The company I work for is finalizing acceptance testiing for a UCS + VMware + Nexus 1K installation, and we are encountering a problem.
First a description of the infrastructure see the attached image and below put into words:
Nortbound of the UCS we have a 2x3750's stack and a 6500.
The 3750's and 6500 are EACH connected via one1GB uplink to each of the FI modules of the UCS (cisco 6120's).This 1 link is configured as a port channel (it was configued port channel because reconfiguration once we did get 2 links/ FI later on would mean downtime)
At this moment we cannot provide the UCS with redundant links, so we have to work with what we've got.
Southbound of the UCS we have PALO adapters and blades.
Each blade has 4 vNICs, each blade has ESXi 4.1 U1 installed.
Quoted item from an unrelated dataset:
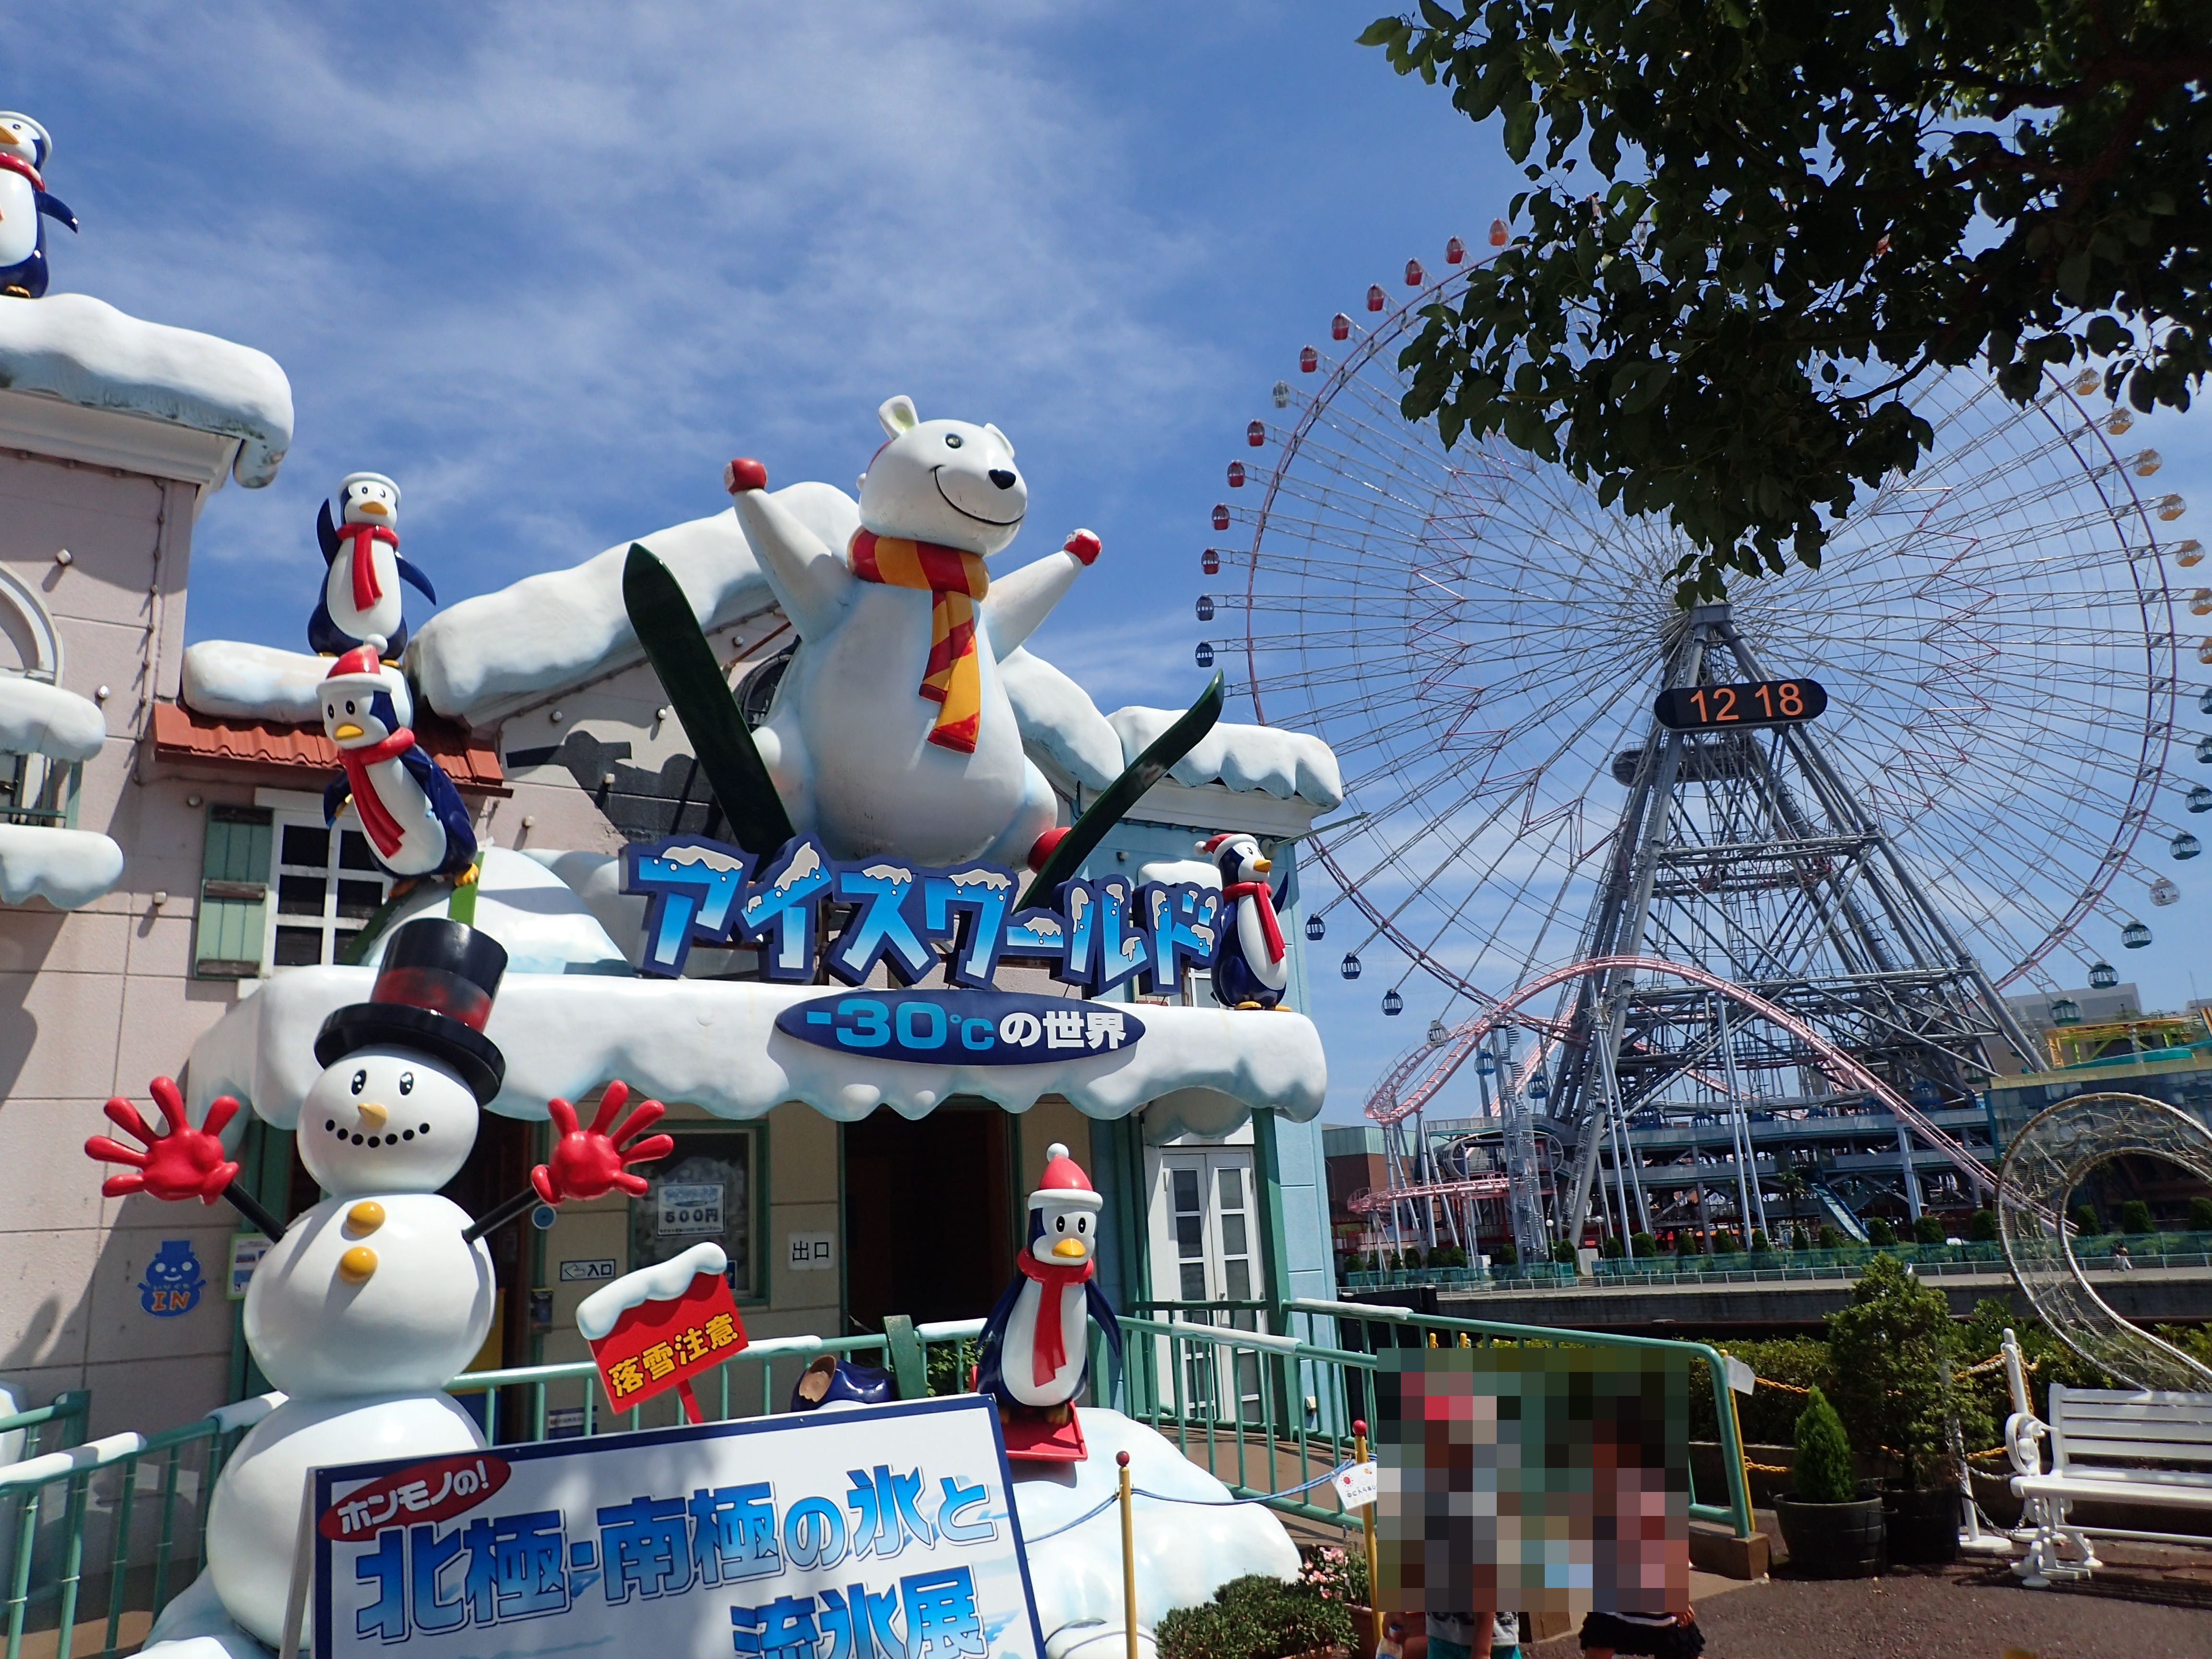 夏休み 意外と穴場な横浜コスモワールド 暑すぎてガラガラ 笑 ろうごちっくぶろぐ

All vNICs are NOT configured for fabric failover.
vNIC0. vNIC2 - FI-A
vNIC1, vNIC3 - FI-B
Fabric Interconnect is configured with CDP lossless (uplink fails, this gets signaled to vNICs who pass this on to ESXi)
we used 2 vNICs for VMware vSwitch (vNIC0, vNIC1)
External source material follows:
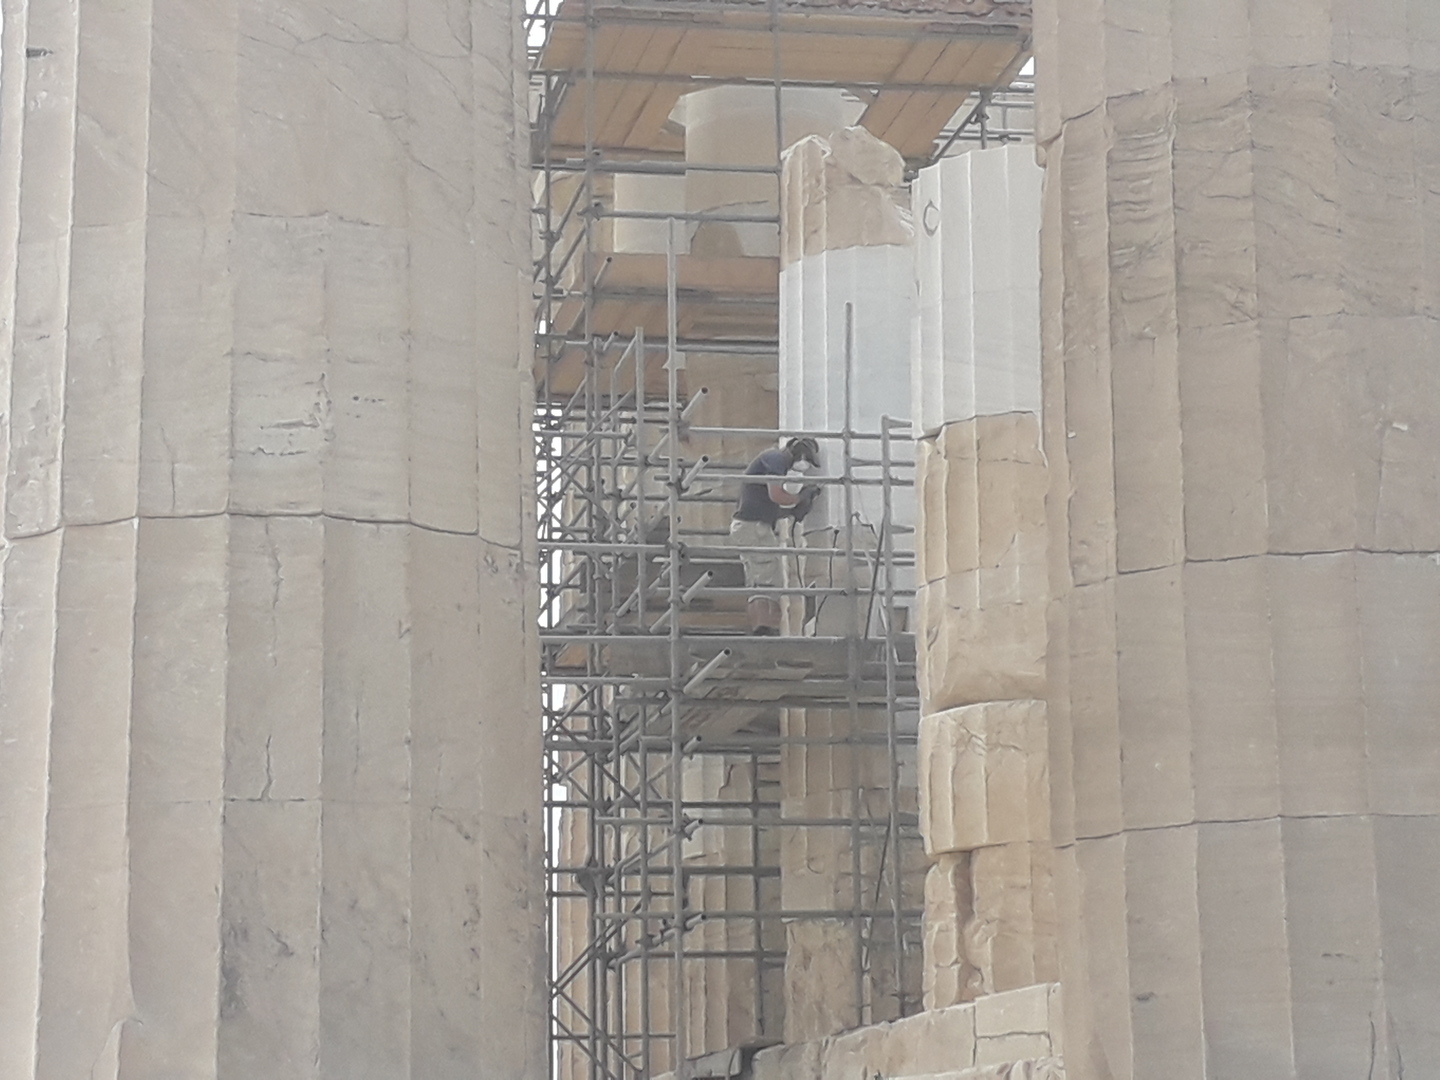 Image 30 : Ouvrier sur un échaffaudage entrain de restaurer des colonnes

we used 2 vNICs for Nexus dvSwitch. (vNIC2, vNIC3)
vSwitch has 3 profiles:
Nexus VSM management ( vlan20)
Control+packet (VLAN 10)
vSwitch is configured for EXPLICIT failover order, with NO FAILBACK. this gives us predictable traffic patterns.
Primary Adapter for VLAN 10 and VLAN 20 - vNIC0 (meaning FI-A)
Nexus has VM traffic+vMotion+Fault Tolerance
Initially the Nexus was configured for MAC-pinning AUTO.
We then decided to pin traffic to the uplinks so that same type traffic happens on the same Fabric Interconnect (for example: vMotion Traffic, control packet traffic). We have 1GB uplinks and had flaky vMotion performance because of that.
We defined 2 subgroups on the Nexus (pinning ID 2 and 3).
ID 2 was mapped to vNIC2's (FI-A)
ID 3 was mapped to vNIC3's (FI-B)
We pinned Control+Packet to ID 2
We pinned vMotion+FT to ID 3
We left VM traffic unpinned
We then did redundance testing
We disconnected FI-B from the core switches, half our vNICs went down, all ok though. VMs lost 1 PING.
We connected it back, again, no problem.
We disconnected FI-A from the core switches, half our vNICs went down, all ok though. VMs lost 1 PING.
We connected it back, here is what we noticed, and the problem:
VSM module lost the heartbeat to the VEMs (we saw it in the logs, "removing VEM heatbeats lost")
After the VEMs lost heartbeat, they disconnected all VMs.
VMs lost 8-10 seconds traffic
VEMs got reconnected and everything went back to normal.
For reference the whole pinnning story we did after we had configured "auto on mac-pinning" on the uplink profile, and had the same problem. It was a measure to have predictible troubleshooting patterns, not only to steer traffic.
We also tried to set VMware vswitches to load balancing but it didn't help (i knew it would not help...but we gave it a go anyway)
My expectation to be honest was that disconnecting and reconnecting either FI will not cause a significant disruption in network traffic (10 seconds is enough to send windows clusters spinning and cause other disruptions).
As far as we can tell...the root cause of VM traffic loss is the fact that the VEM gets disconnected from the VSM...
Does anyone have any troubleshootingtips or a solution to our problem?
I can give you more detailed configs we did, just let me know what you need.